My highlight of the visit was the trip to the National Museum of the Pacific War. It was on my bucket list of things to see / do / visit in Texas, one I compiled nearly a year and a half ago. It was also a pleasant surprise when I realized, down there, that it was only an hour’s drive a way. Texas is, after all, a huge state. Even better was that my brother-in-law, a highly intelligent man sixteen years younger than me, is a history buff and had always wanted to check the museum out. With a pair of seven-year-old boy twins, what was the downside?


So we went in at 1 pm while the ladies walked up and down Fredericksburg, a small tourist town, shopping and suffering in the hundred degree heat which we had the fortune to escape in the museum. Why Fredericksburg? Well, the town’s the boyhood home of Admiral Chester Nimitz, one of the driving forces for our victory against the Japanese in World War II. Apparently, a few decades ago, the Nimitz family donated a hotel they owned to the government to start a museum for the Admiral. This soon grew to a few other buildings over a couple of acres, and by national fiat the Museum of the Pacific War was created.

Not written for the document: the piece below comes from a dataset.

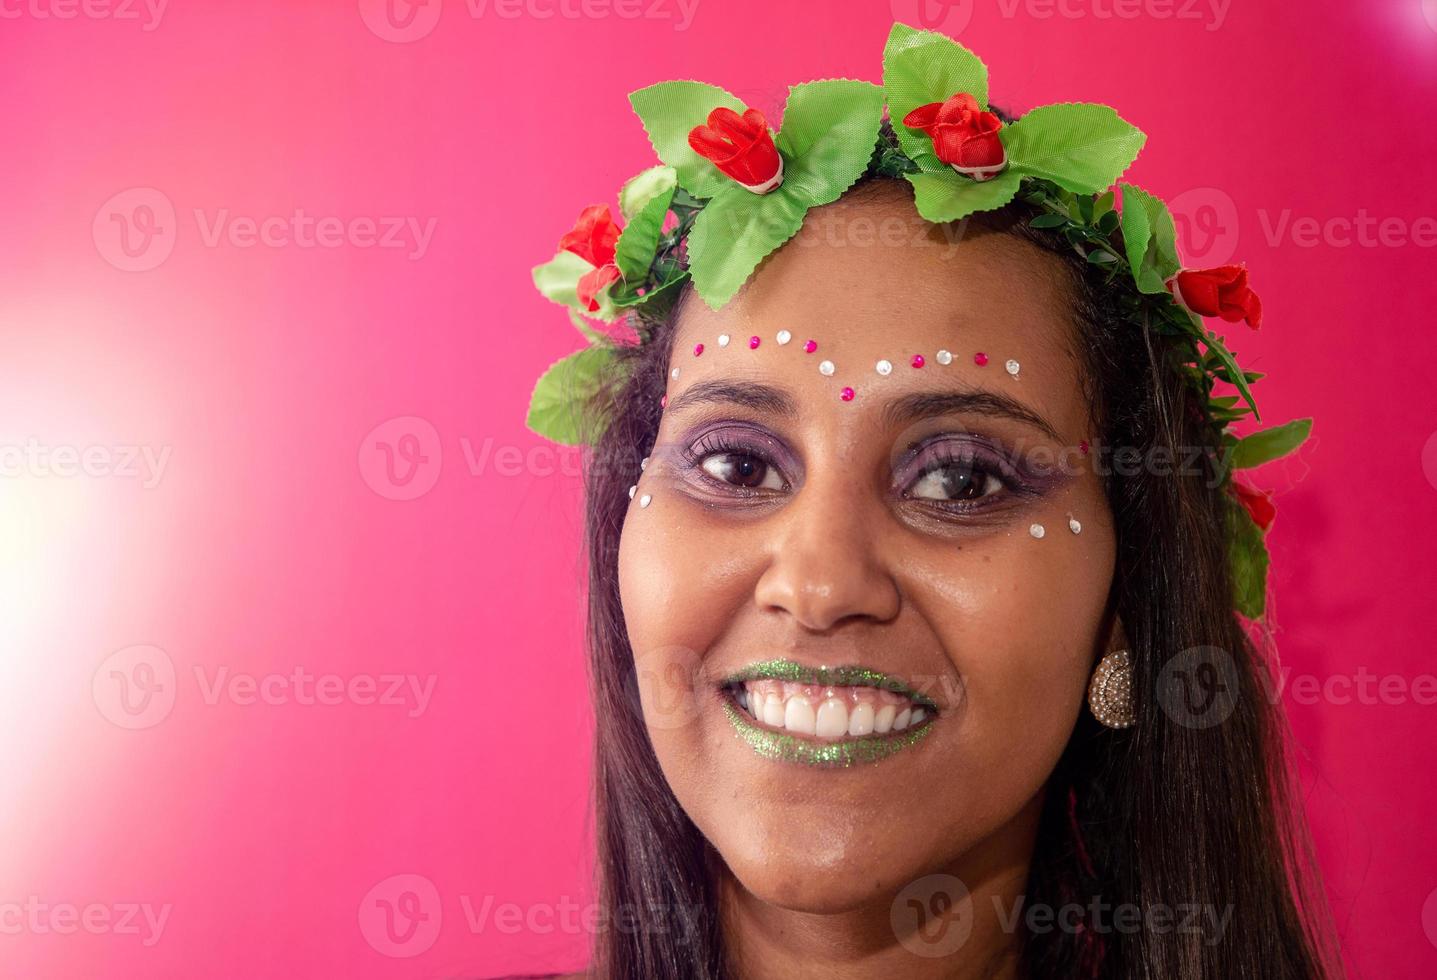 jovem feliz com máscara e confete na festa de carnaval. carnaval brasileiro foto

We visited the main museum. One city-block-sized floor of winding corridors filled with life-sized exhibits, memorabilia behind glass, video presentations, maps, newspapers, and other interactive features. It took us two whole hours to traverse it all, but in honesty, I did not feel the time fly by. I did feel transported back in time eighty years.


The first room held some seats like cargo boxes and a five minute “prelude to war” film played over and over, setting the tone. Then you would walk leisurely through interconnected rooms progressing chronologically through the phases of the war – the build-up, Pearl Harbor, the Philippines, Midway, Guadalcanal, the island hopping strategy of Nimitz, Tarawa, Peleliu, Iwo Jima, Okinawa, the death of FDR, the development and dropping of the atomic bombs, and the war’s aftermath.

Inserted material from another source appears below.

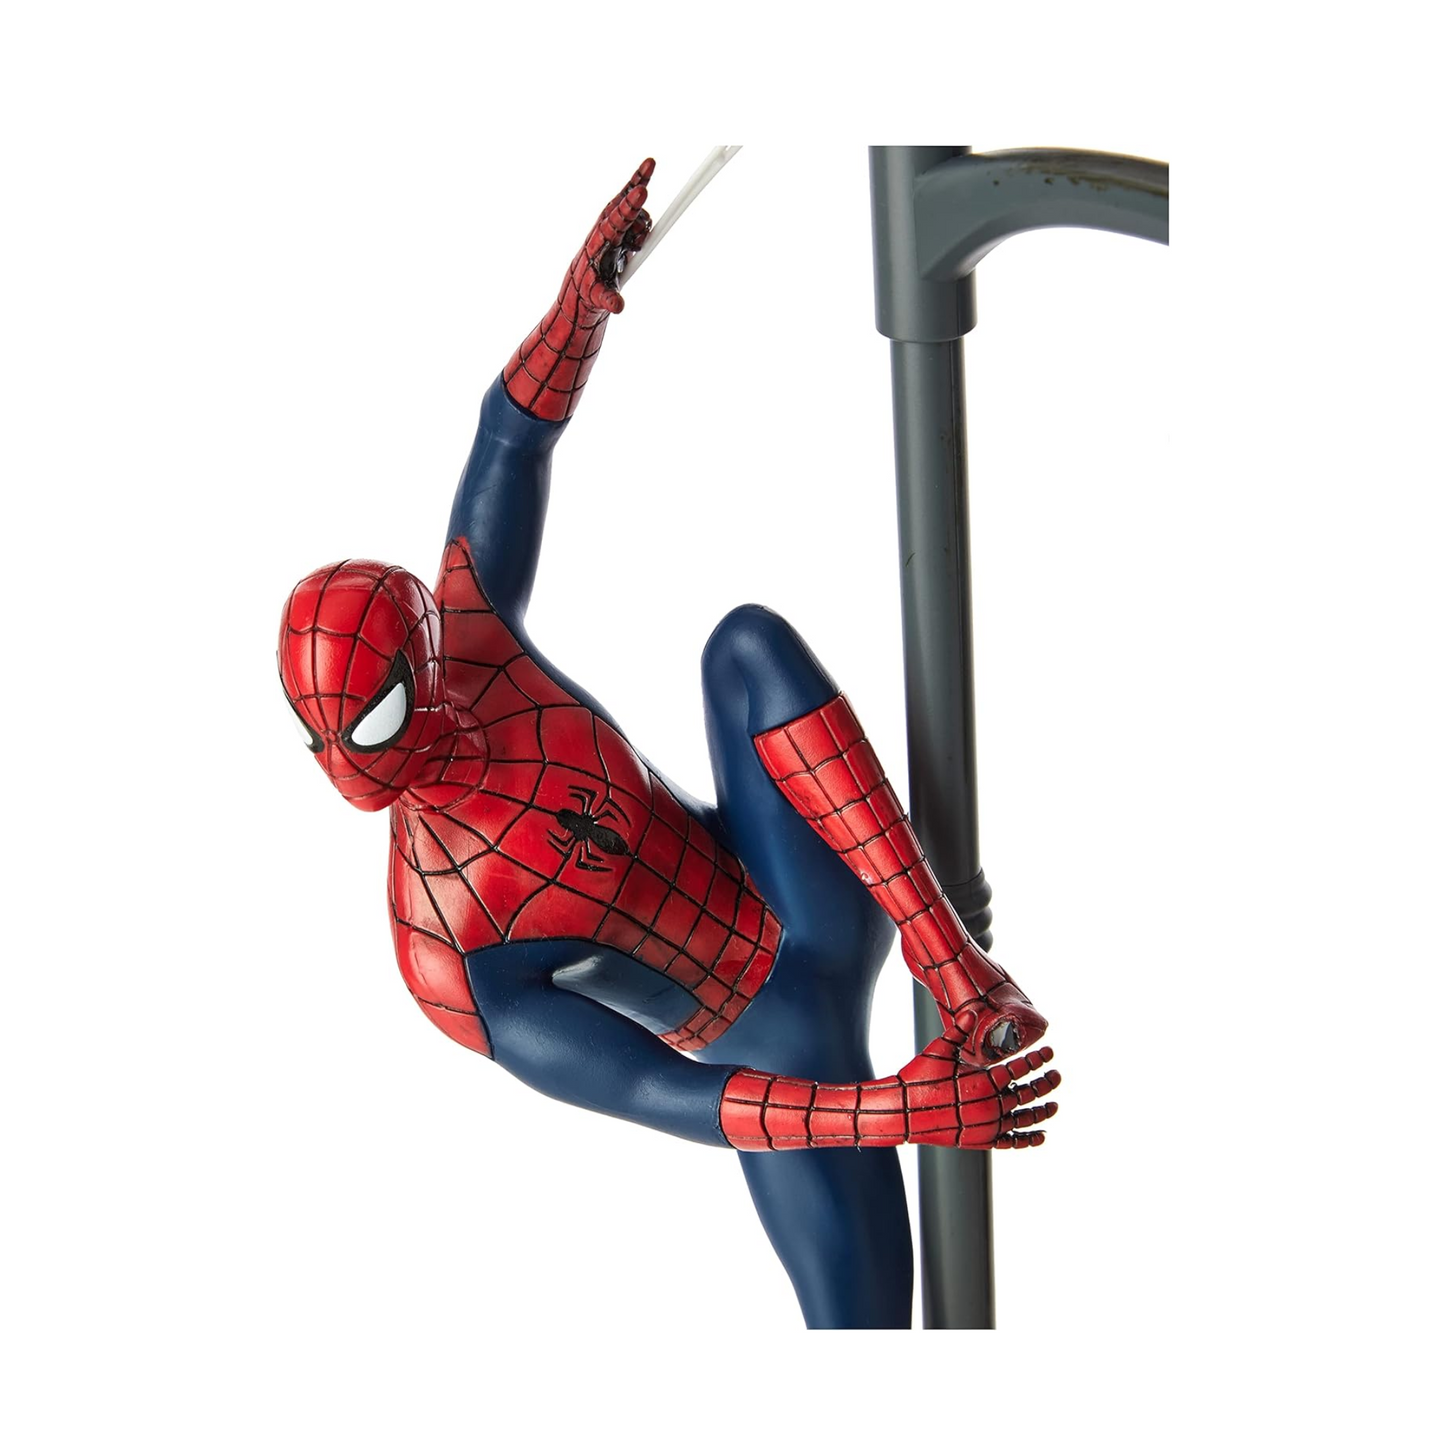 Spiderman desktop lamp - Paladone

My favorite exhibits were the life-size ones. The museum actually holds a Japanese midget sub (not so midget-y at a 75-foot length), a B-25 bomber, an F4 Wildcat, a Stuart tank, several guns of varying caliber, both American and Japanese, and a replica of the Fat Man atomic bomb. I took pictures of these and I will post them tomorrow.


At the gift shop at the end I spent an indecisive 15 minutes trying to find a book to purchase. I hovered over several volumes of Samuel Eliot Morrison’s official naval history of the war, but I think these need to be bought as a set somehow somewhere sometime. Instead I opted for a book on submarine warfare of World War II. The museum had a mock-up sub interior complete with periscopes (which the boys loved) where I confessed to my brother-in-law that due to claustrophobia and intense fear of drowning, I could never serve in the submarine forces had I been alive back then. So this book is to help me gain a dose of, I dunno, vicarious courage maybe.

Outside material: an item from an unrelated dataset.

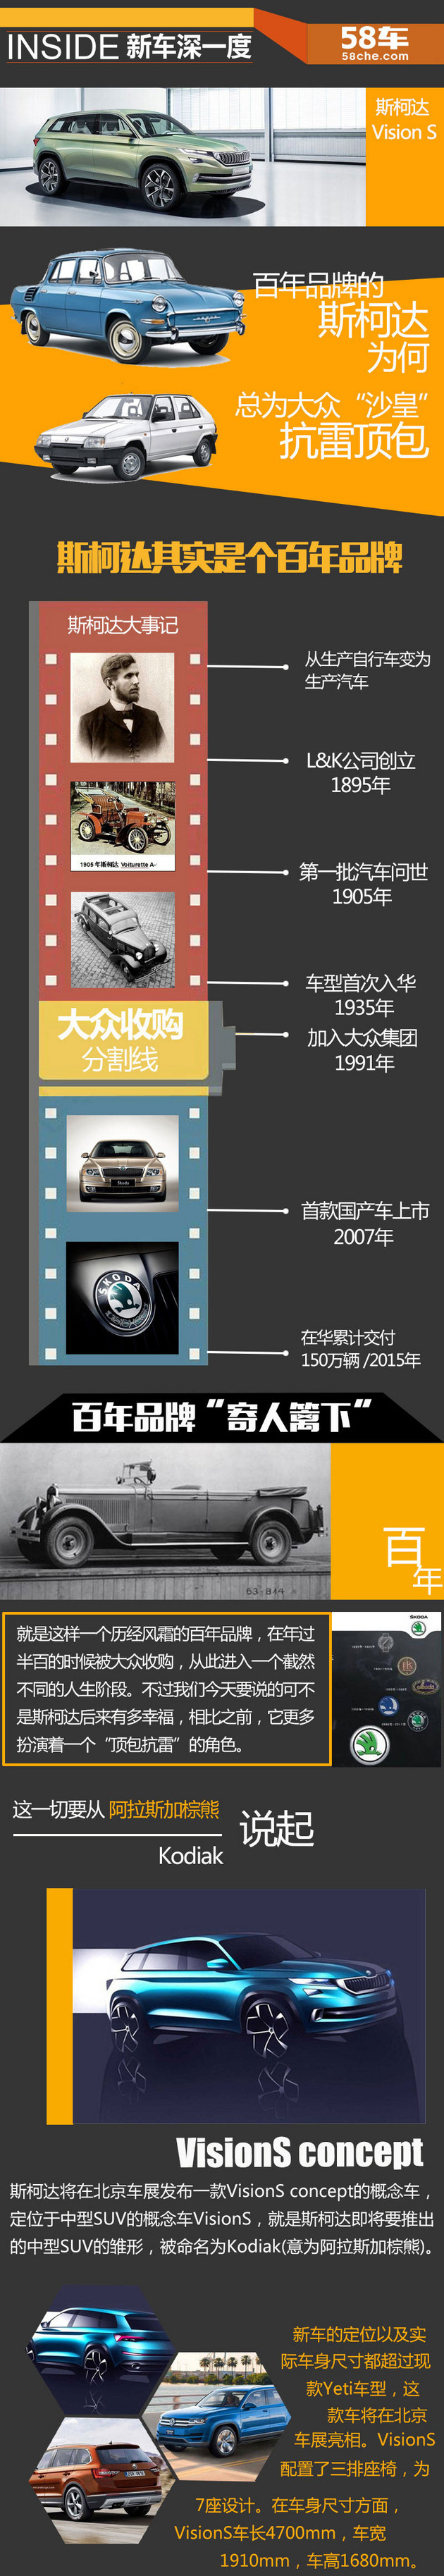 2016北京车展特别企划：斯柯达Vision S

Afterwards we went to – go figure – a German beerhouse down the street for a late lunch. Apparently Fredericksburg has a huge German contingent, dating back to before World War II. Young Chester Nimitz would find himself fighting against his … neighbors, at least indirectly. Oh well. Such is this crazy world we live in, crazy since at least eighty years ago (and probably going back a lot, lot longer than that).